Trento / La denuncia

Molestie alle Albere il 25 aprile, le ragazze chiedono spazi sicuri: "Più illuminazione e predisporre degli stand agli eventi"

Sono più di 40 le testimonianze di violenza raccolte a seguito della Festa della Liberazione. Da questo le femministe di Non una di Meno hanno deciso di realizzare un documento per le pratiche da adottare prima, durante e dopo un evento per “rendere questa violenza meno strutturale, più contrastabile da noi tutte”

IL FATTO "Noi molestate durante la festa"

 

di Francesca Cristoforetti

TRENTO. Erano state molestate al Parco delle Albere, il 25 aprile, in occasione della Festa della Liberazione. Dalle testimonianze raccolte dalle attiviste femministe di Non una di meno Trento si parla di palpeggiamenti e ripetute violenze, nella maggior parte dei casi approfittando del buio del parco: più di 40 le donne che hanno subito o che hanno assistito (o riportato racconti di altre amiche e conoscenti) e che hanno deciso di raccontare.

Se il primo grido è stato “guai a chi ci tocca” il secondo quindi si trasforma in un’azione concreta. E’ proprio da questo (triste) punto di partenza che è nato un documento per “rendere questa violenza meno strutturale, più contrastabile da noi tutte”, con tanto di pratiche preventive e di intervento da attuare durante eventi e manifestazioni, per riuscire a crearsi degli spazi “transfemministi e sicuri", dichiara Nudm.

“Questo documento è stato redatto da più persone e compagne che hanno subito o assistito a violenze durante il concerto del 25 aprile 2023 - proseguono le femministe - a Trento, partendo da spunti emersi durante le assemblee tematiche e dalle 43 testimonianze raccolte per misurare la violenza emersa in quell’occasione. Desideriamo sia un punto di partenza, una raccolta di pratiche e di idee che possano costruire ragionamenti condivisi. Con la speranza che possa essere integrato, corretto e migliorato da persone e realtà interessate a rendere i propri spazi transfemministi e sicuri”.

Una speranza quindi “che questi ragionamenti non si esauriscano nella progettazione di singoli eventi, ma divengano una lente attraverso la quale guardare ogni giorno alle assemblee, alle interazioni, alle dinamiche, alle narrative che costruiamo individualmente e con altre persone”.

Tre le “fasi” che dovrebbero scandire la realizzazione di tali spazi: pratiche preventive, di intervento e da attuare durante l’evento quando si verificano, e quelle successive alla manifestazione.

Nel documento viene innanzitutto espressamente fatto riferimento alla formazione dello staff, della sicurezza e delle volontarie previste per il contrasto alla violenza di genere.
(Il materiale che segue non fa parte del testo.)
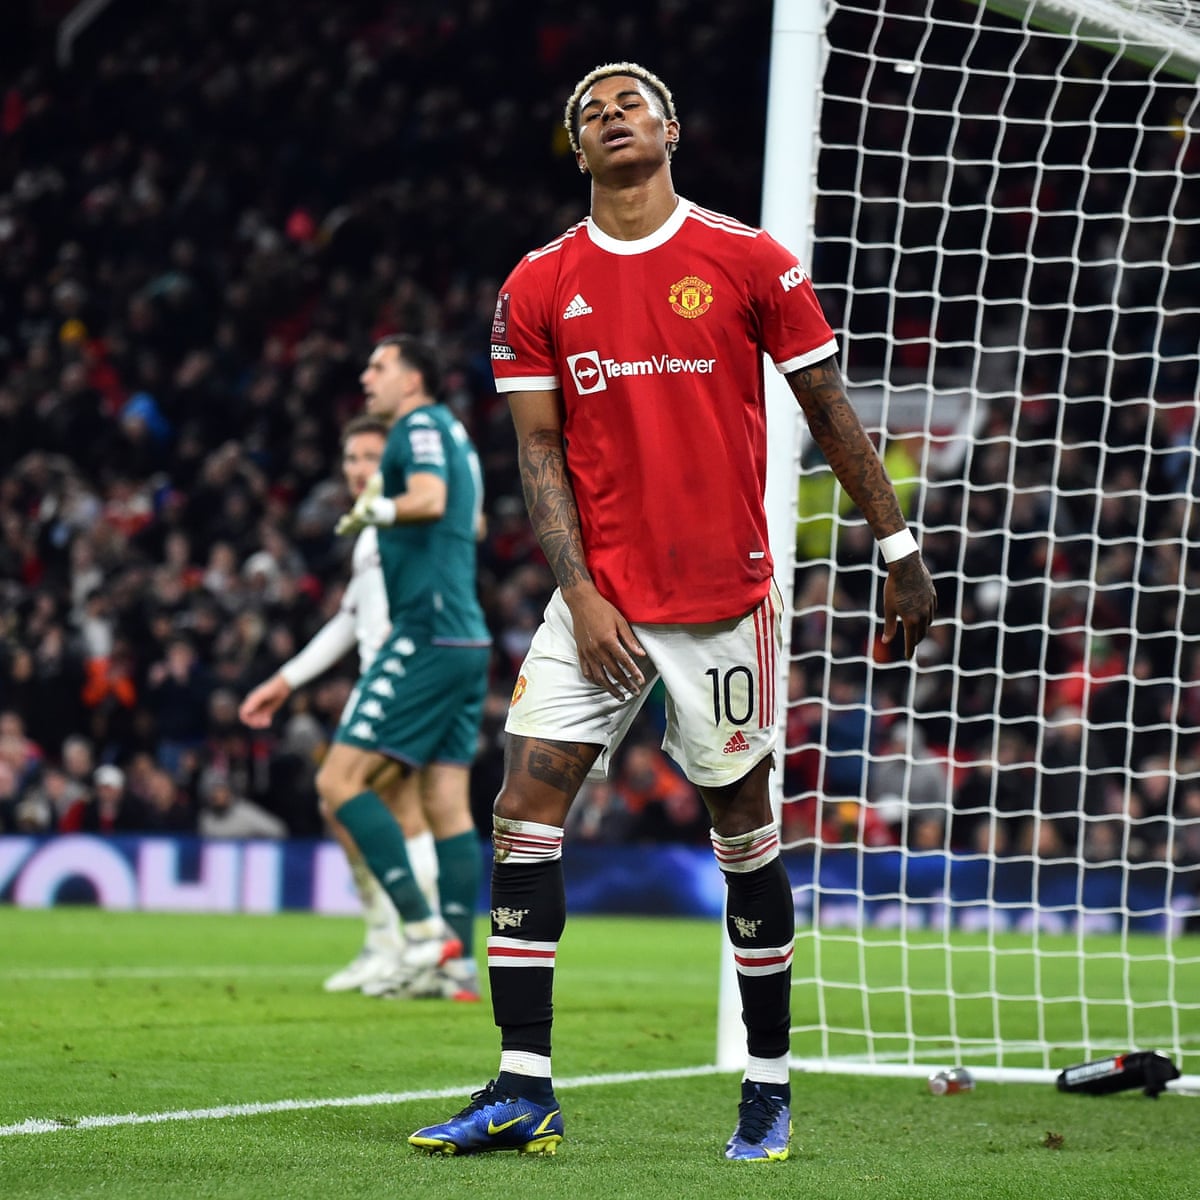 Marcus Rashford looks out of form and cheer at Manchester United

Tutte persone che dovranno “essere ben visibili durante l’evento”, in modo da potersi rivolgere in caso di necessità: “Lo staff, la sicurezza e le volontarie sono responsabili di ciò che succede”, si legge. Ma ancora “chiamare lo spazio, quindi esplicitare i comportamenti che non sono tollerati durante l’evento”. Questo è possibile, per esempio, “predisponendo cartelli che illustrino quali sono i comportamenti considerati violenti e che solo i comportamenti consensuali sono accettati, spiegando cos’è il consenso”. Nel testo viene proposto anche un numero di telefono dedicato e una maggiore illuminazione.

Fondamentale creare rete durante l’evento: “L’intervento da parte dello staff dev’essere immediato, numeroso e volto ad allontanare immediatamente l’aggressore. Predisporre dei punti (stand o gazebo) ai quali le persone possano andare o essere accompagnate nel caso in cui subiscano una violenza e vogliano portare segnalazioni, ricevere ascolto o aiuto”. Tra le soluzioni anche quella di “Interrompere o sospendere l’evento nel momento in cui non si è in grado di garantire la sicurezza”.

Non da ultimo, prevedere un canale o un servizio attivo per raccogliere eventuali segnalazioni successive per raccogliere feedback e testimonianze. “Muoversi insieme per costruire una narrativa che sia congiunta e condivisa attraverso una pratica di accoglienza incondizionata e senza giudizio”.